Recorded information:
════

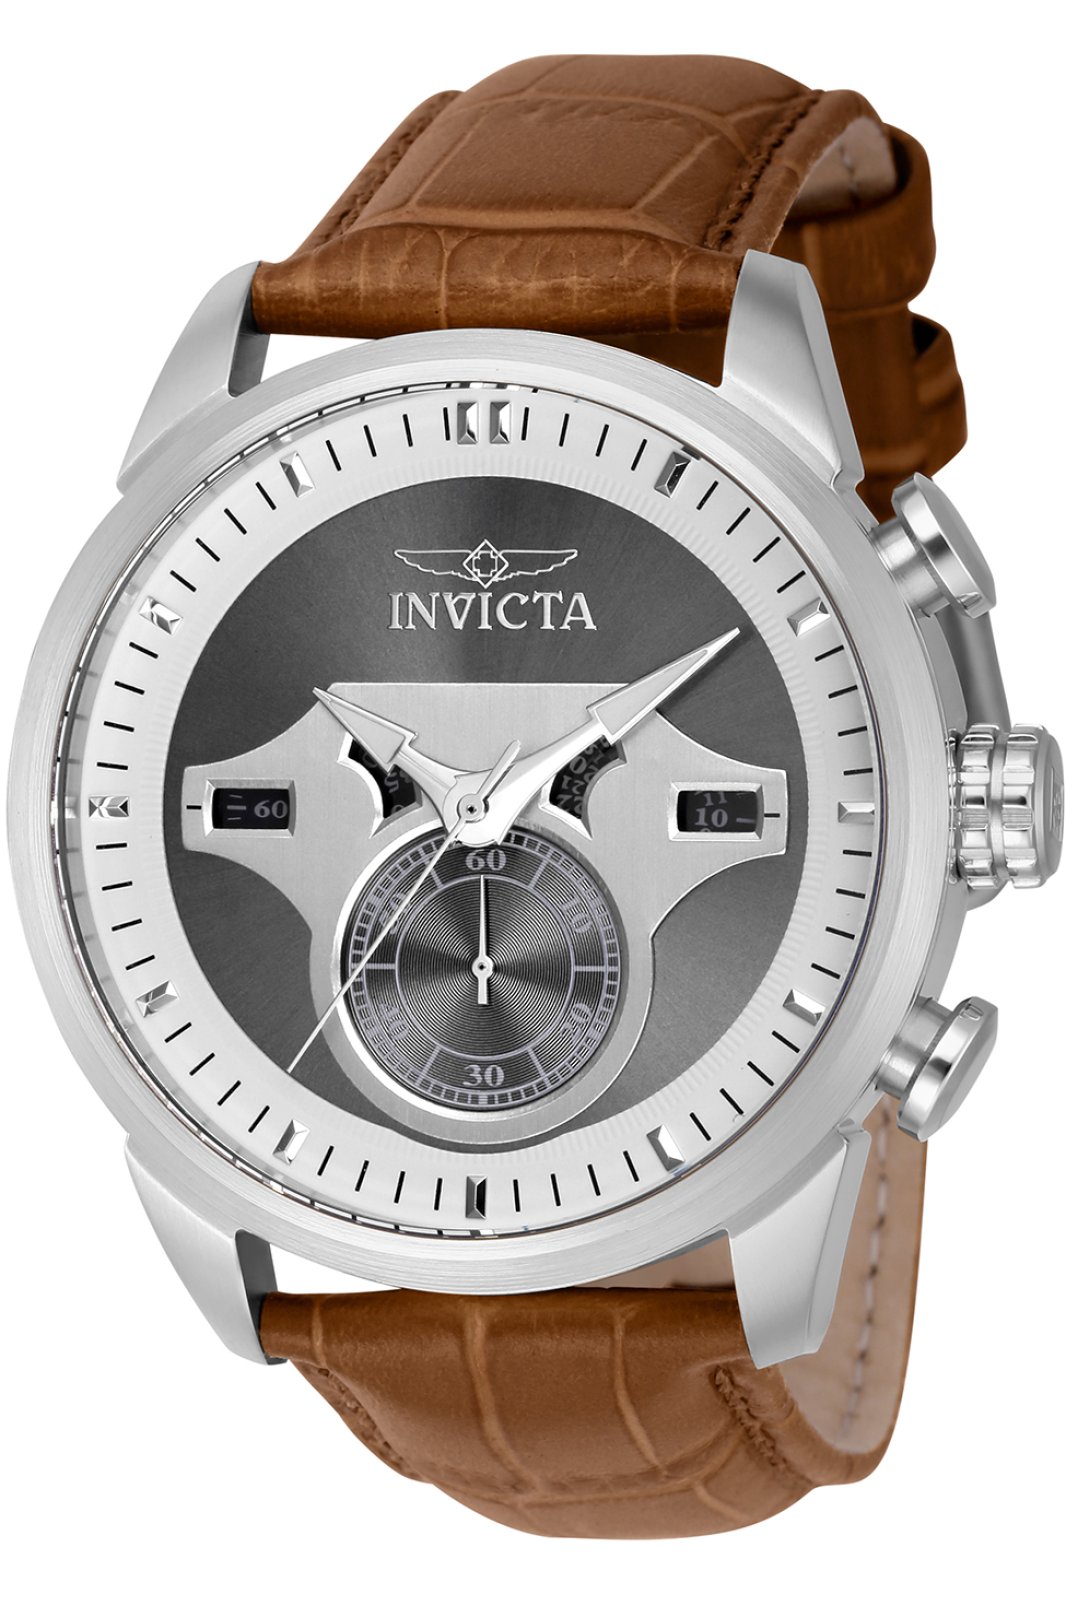 Invicta Objet D Art 43611 Men's Quartz Watch - 46mm
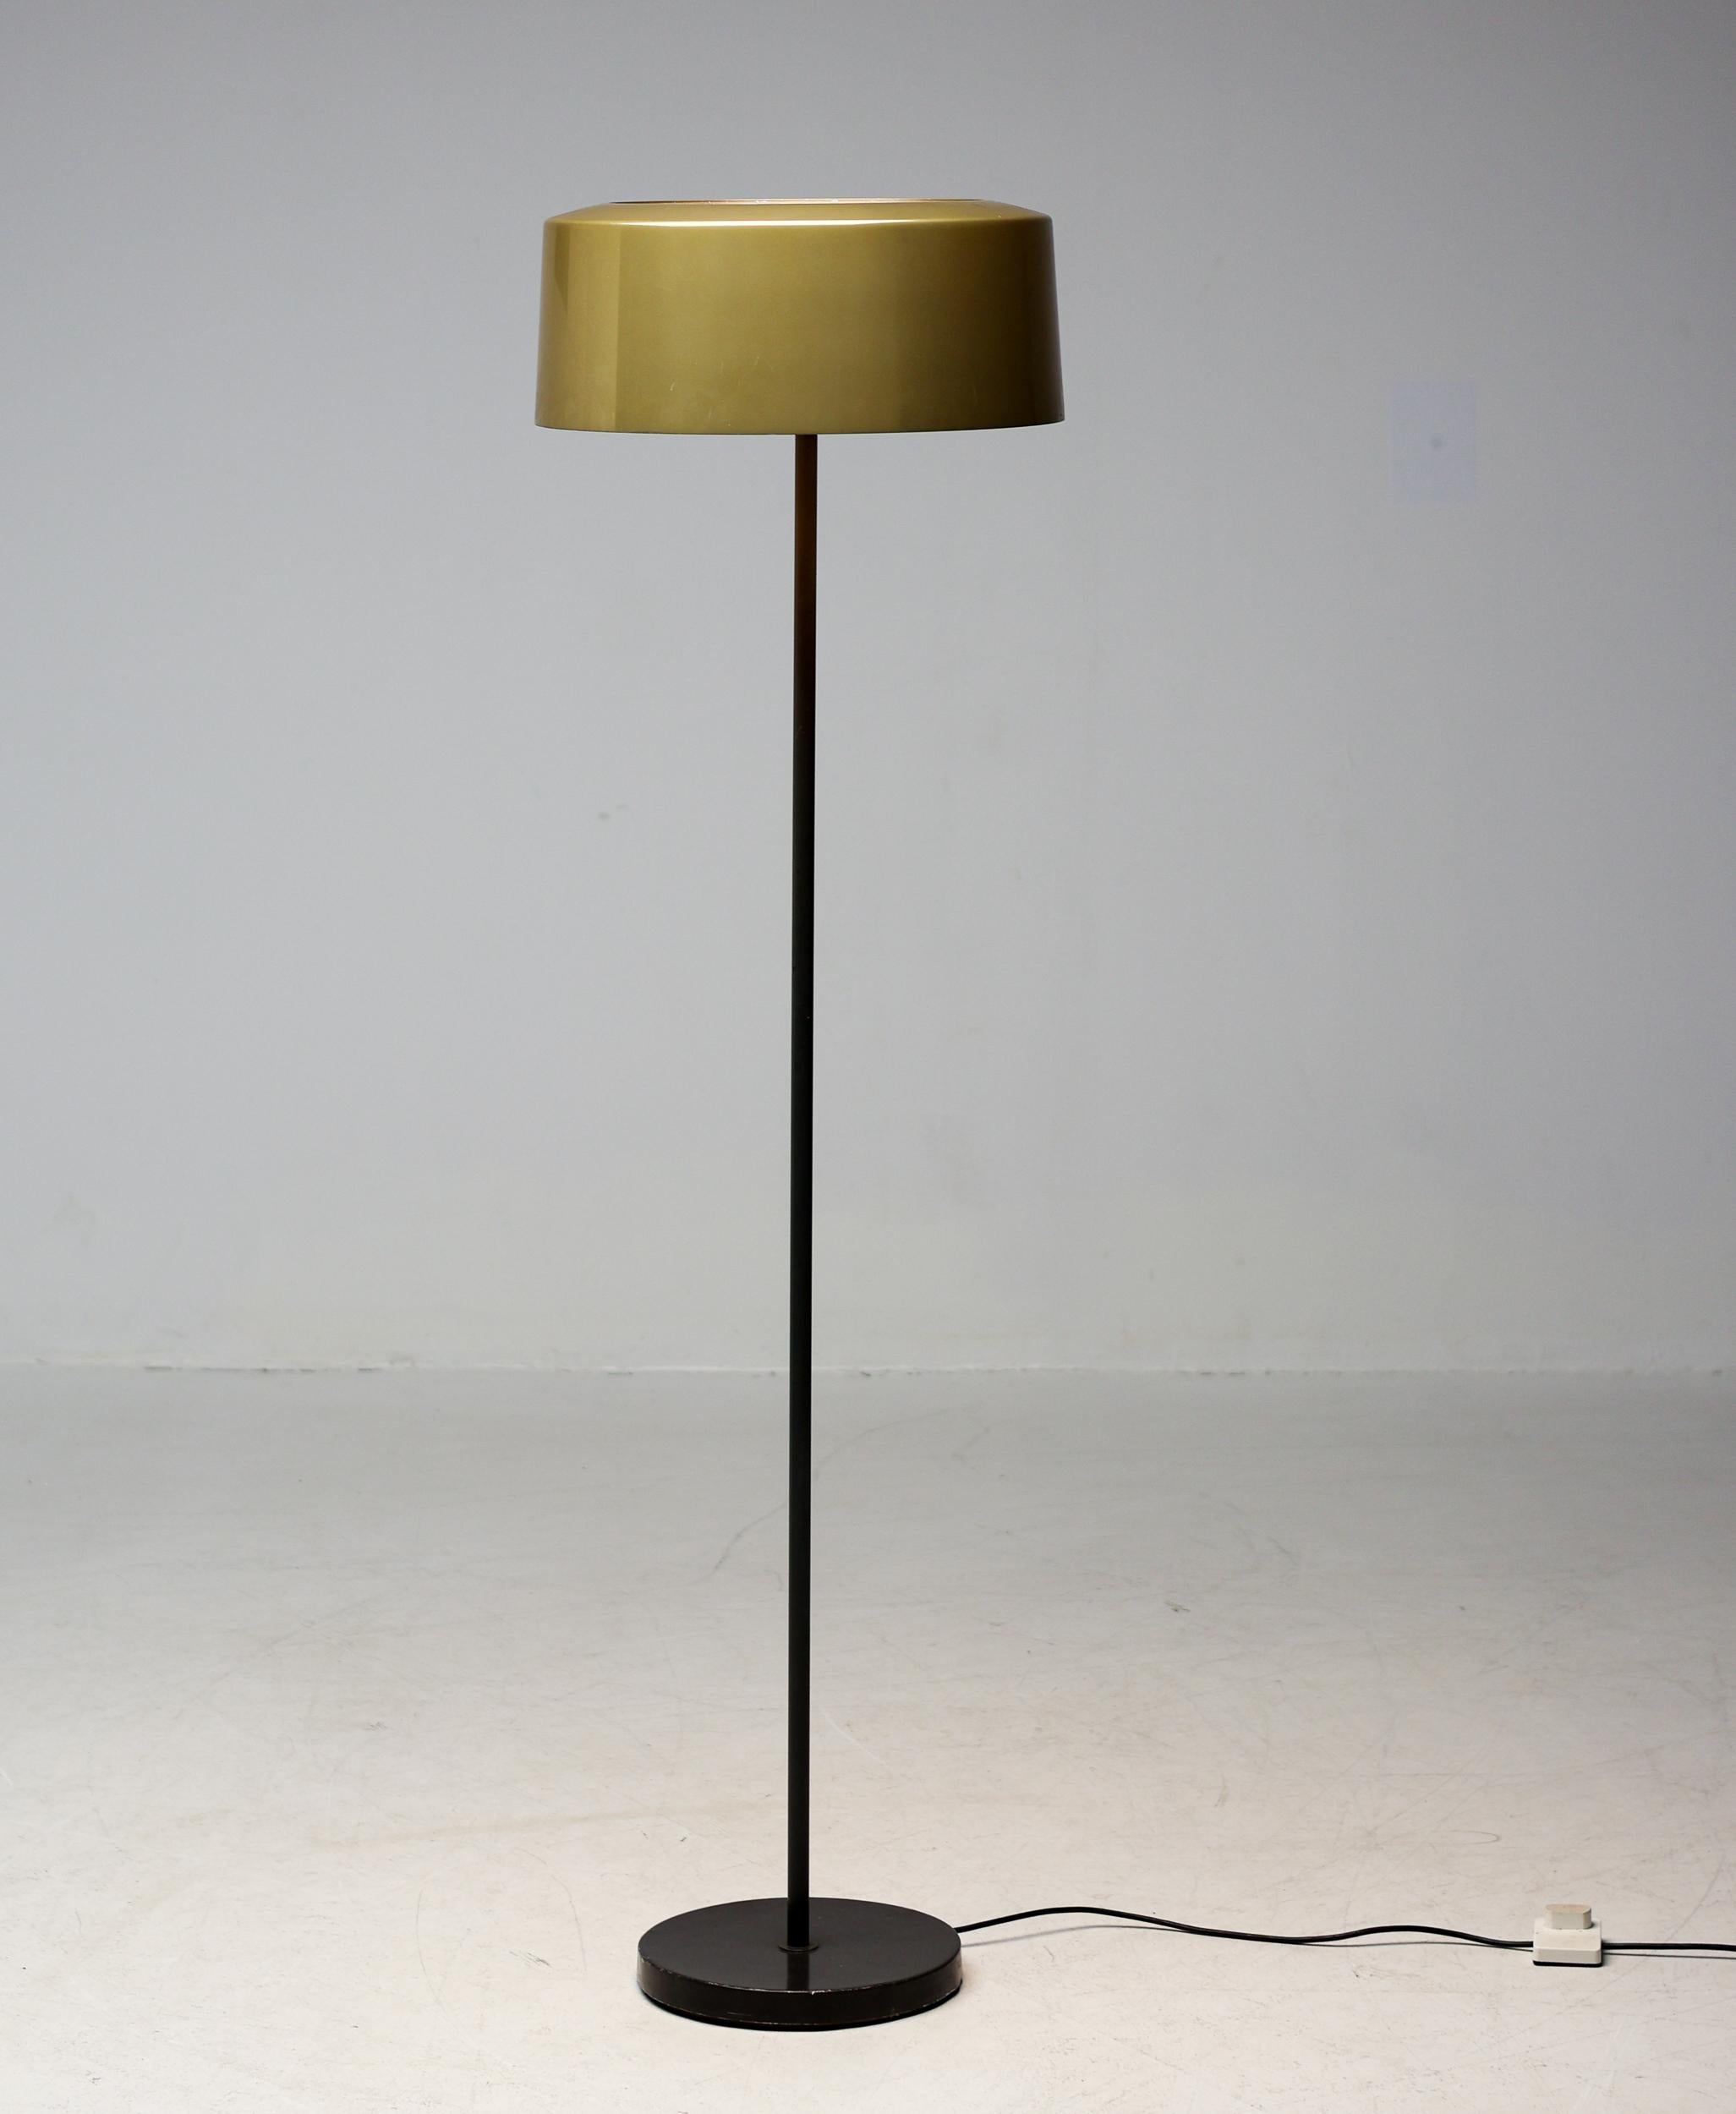 Eine schöne Stehlampe aus den 1950er Jahren mit einem bronzefarben emaillierten Aluminiumschirm. 
Entworfen von Lisa-Johansson Pape und hergestellt von Orno. 
Die Oberseite des Schirms ist mit Glas bedeckt, die Unterseite ist mit Lamellen versehen,

════

The task: Your task is to write out, exactly, the line that contains "Entworfen von Lisa-Johansson" and each line after it to the end of the data, with no other lines.

Output of the exercise:
Entworfen von Lisa-Johansson Pape und hergestellt von Orno. 
Die Oberseite des Schirms ist mit Glas bedeckt, die Unterseite ist mit Lamellen versehen,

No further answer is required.